Di dalam bacaan Injil, Yohanes mengisahkan tentang dialog antara Yesus dan Nikodemus. Di dalam dialog ini Yesus mengatakan bahwa cinta kasih Bapa yang kekal menjadi nyata di dalam diri Yesus PuteraNya yang akan berkorban demi keselamatan dunia. Dengan demikian apabila kita menerima Kristus maka kita memperoleh keselamatan kekal dan apabila menolak Kristus berarti kita menghakimi diri kita sendiri. Konsekuensinya adalah setiap orang yang sudah dibaptis dalam Roh akan mengakui imannya akan Yesus Putra Allah karena hanya di dalam namaNya kita memperoleh kehidupan kekal.
Sabda Tuhan pada hari ini menguatkan kita untuk beriman dengan teguh kepada Allah Tritunggal Mahakudus. Kita tidak mampu memahamiNya dengan akal budi kita tetapi iman yang menyelamatkan itu akan menyatukan kita dengan Dia. Kita diajak untuk mengimani Allah Tritunggal Mahakudus sebagai kasih. Dialah kaih sejati, kasih yang kekal. Kita semua tidak hanya mengimaniNya tetapi belajar untuk membentuk persekutuan pribadi-pribadi dalam keluarga dan komunitas kita. Apakah keluarga-keluarga juga dapat bersekutu seperti Tritunggal mahakudus? Apakah anda membuat tanda salib dengan penuh devosi?

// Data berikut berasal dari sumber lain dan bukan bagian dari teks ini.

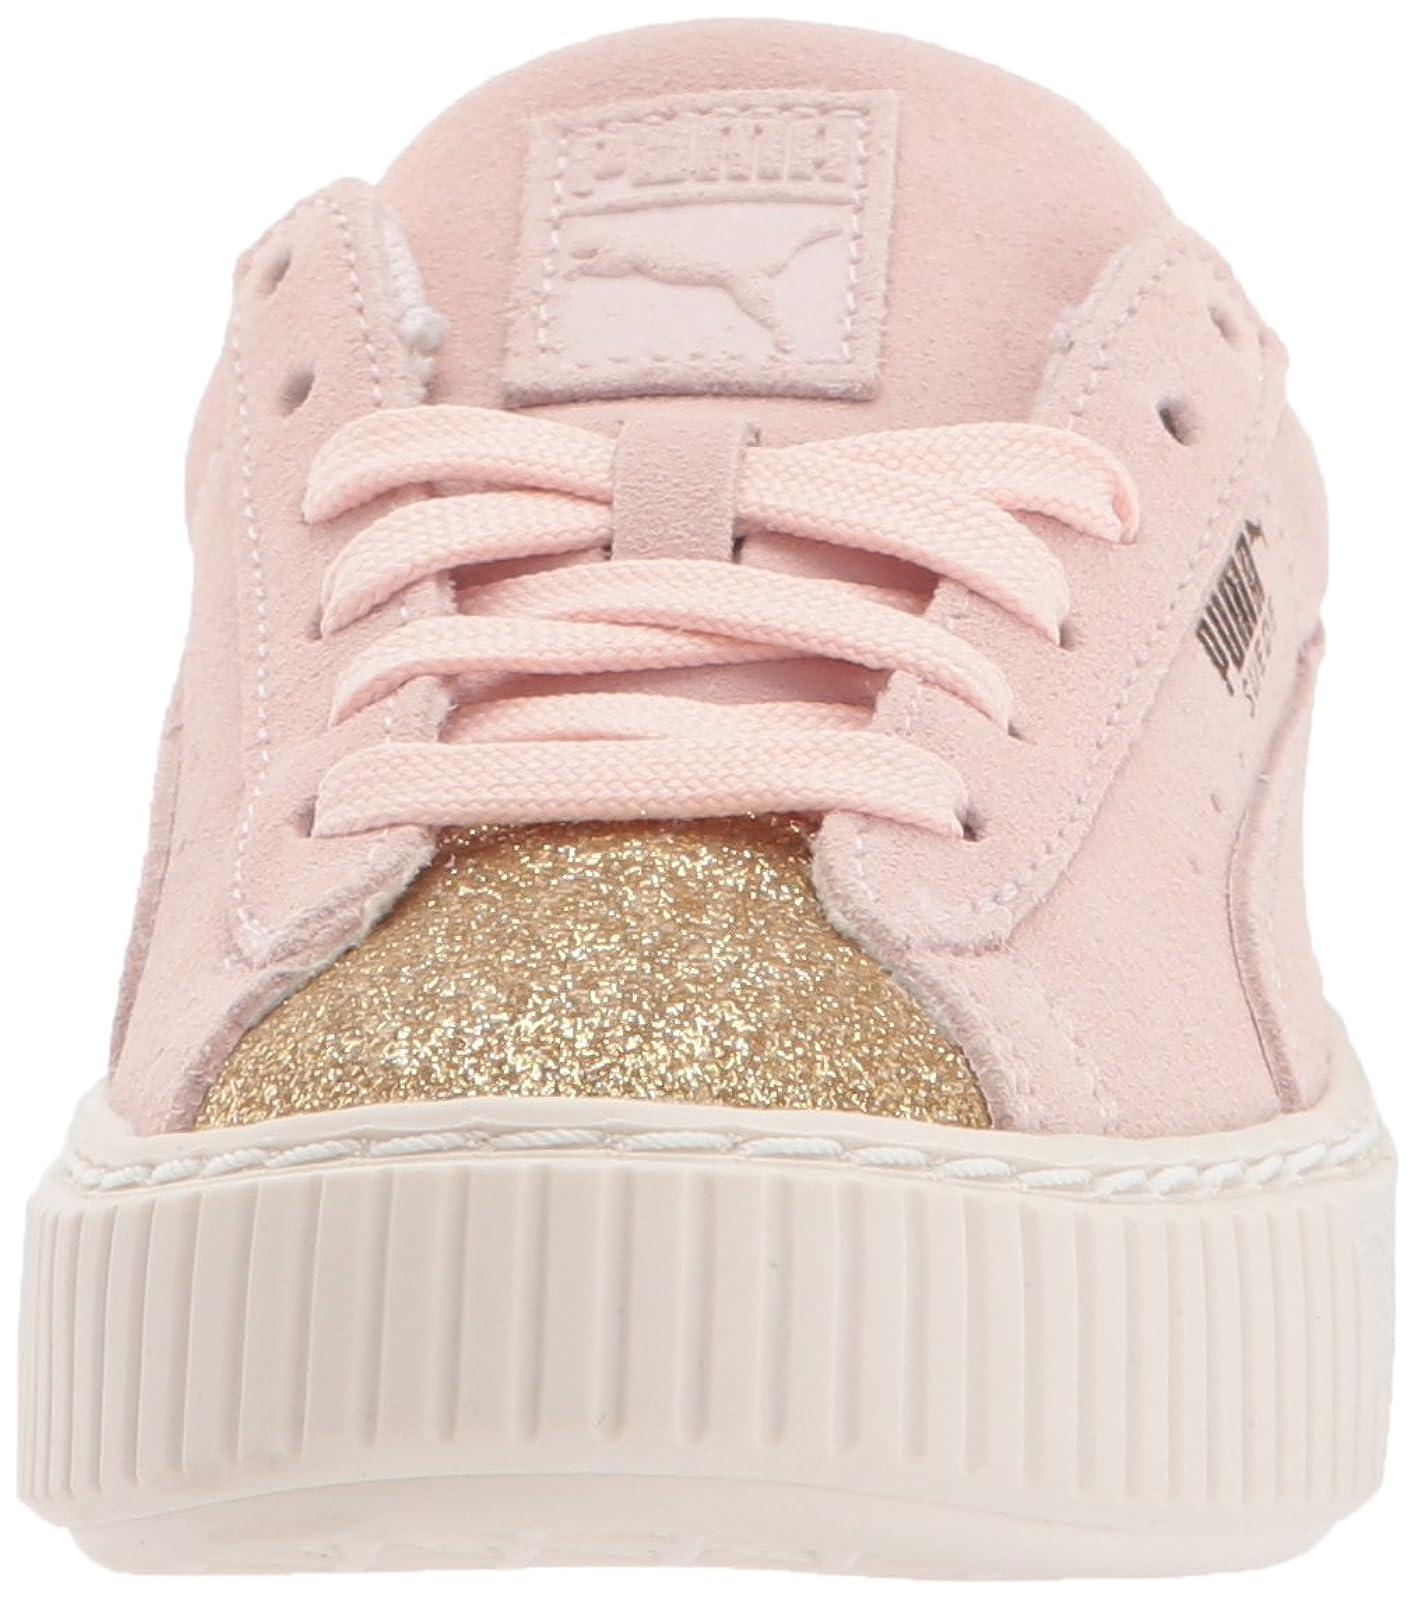 PUMA Kids' Suede Platform Glam Sneaker Pink 36492207 - 4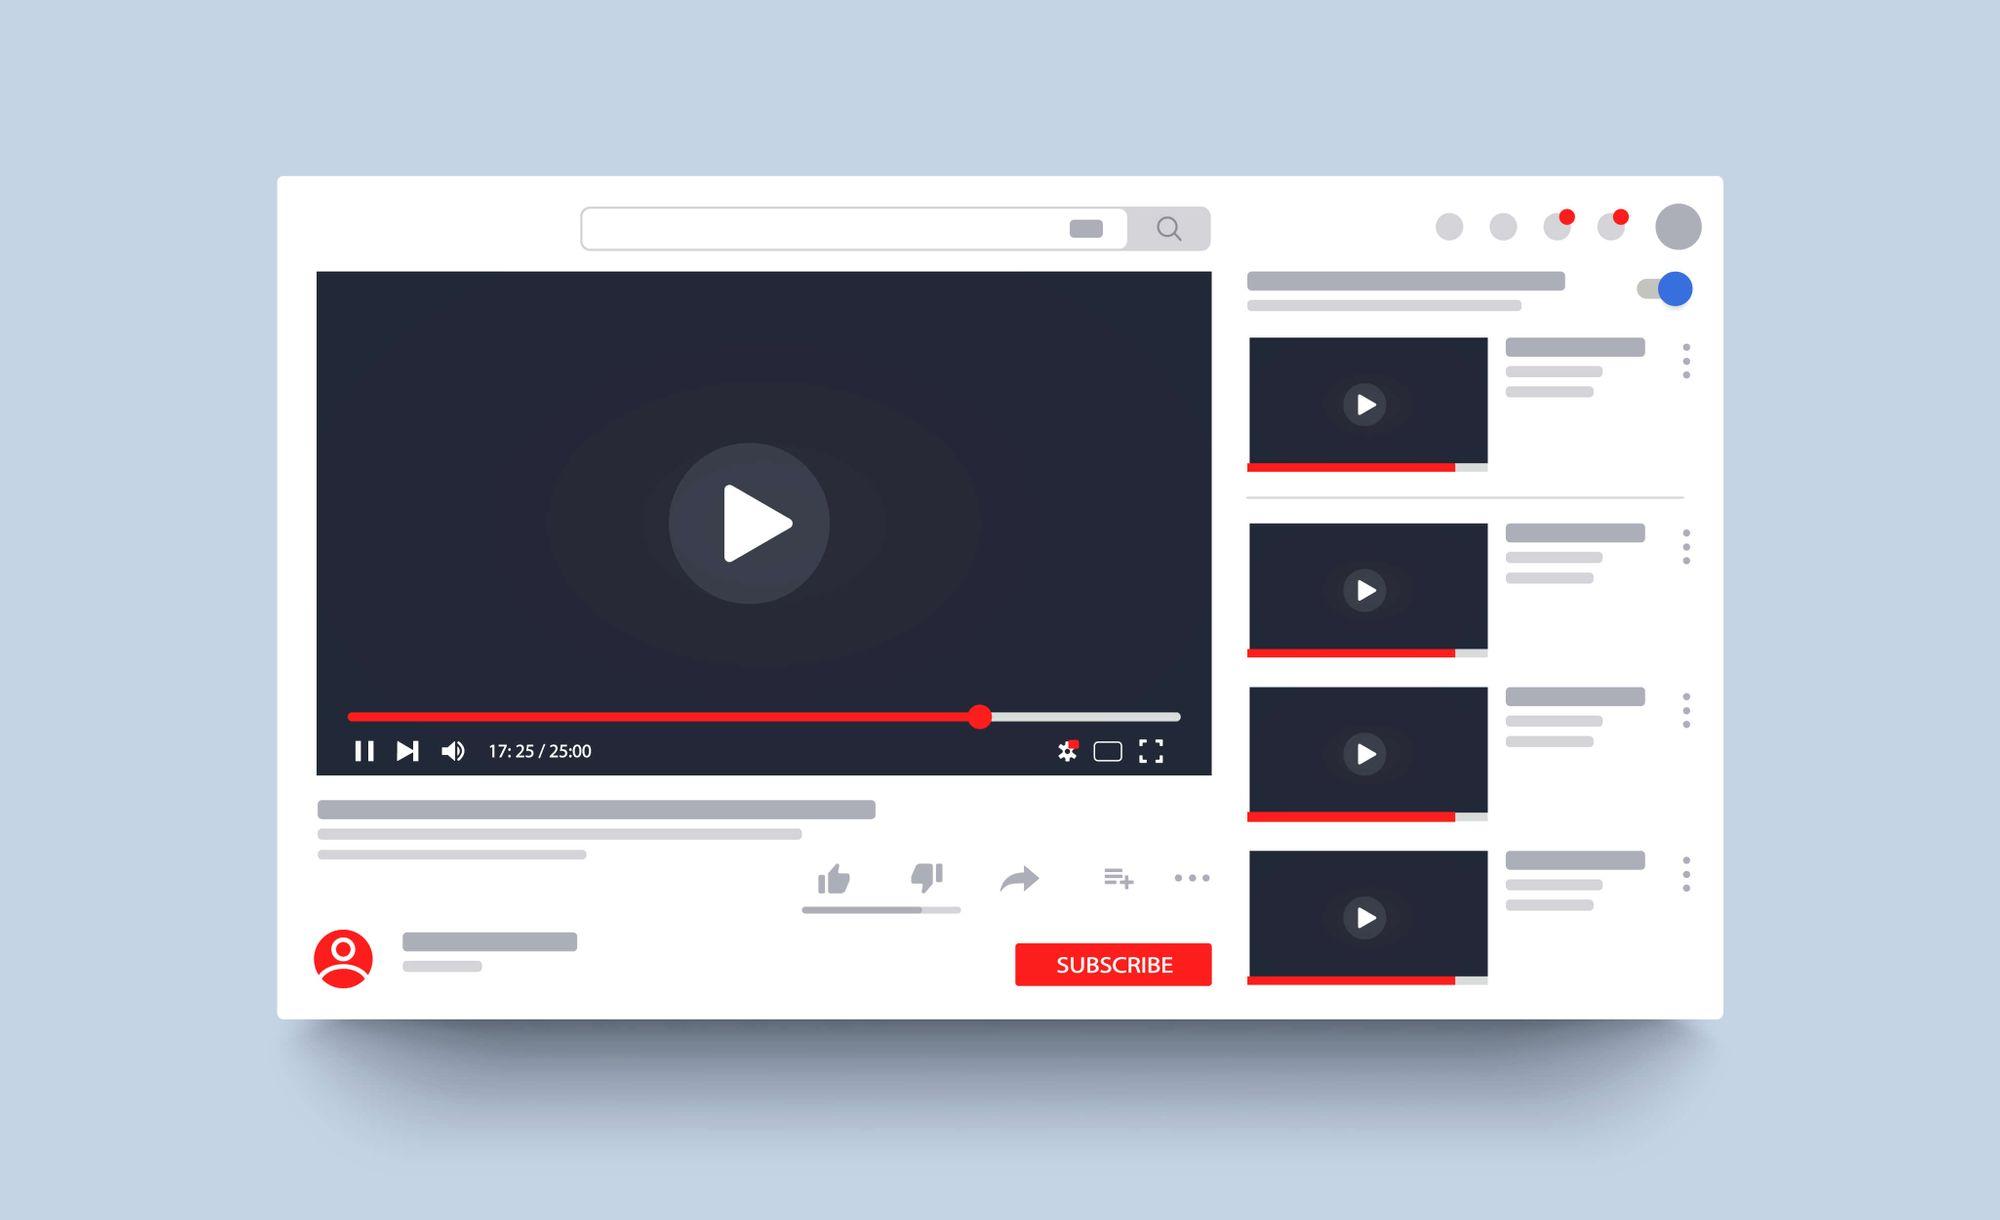 अपने खुद के यूट्यूब चैनल की शुरुआत कैसे करें? कैसे चुने सटीक टॉपिक जिसे लोग पसंद करें और होगा मुनाफ़ा?

Saya mengakhiri homili ini dengan doa ini: “Ya Allahku, Tritunggal yang kusembah, berilah damai di dalam jiwaku; jadikanlah ini surgaMu, tempat tinggaMu yang tercinta dan tempat istirahatMu. Semoga aku tak pernah meninggalkanMu, tetapi tetap tinggal di situ, seluruhnya dan seutuhnya, siap sedia di dalam imanku, sepenuhnya memujaMu, dan sepenuhnya menyerahkan diriku kepada tindakan kreatifMu.” (St. Elizabeth dari Tritunggal).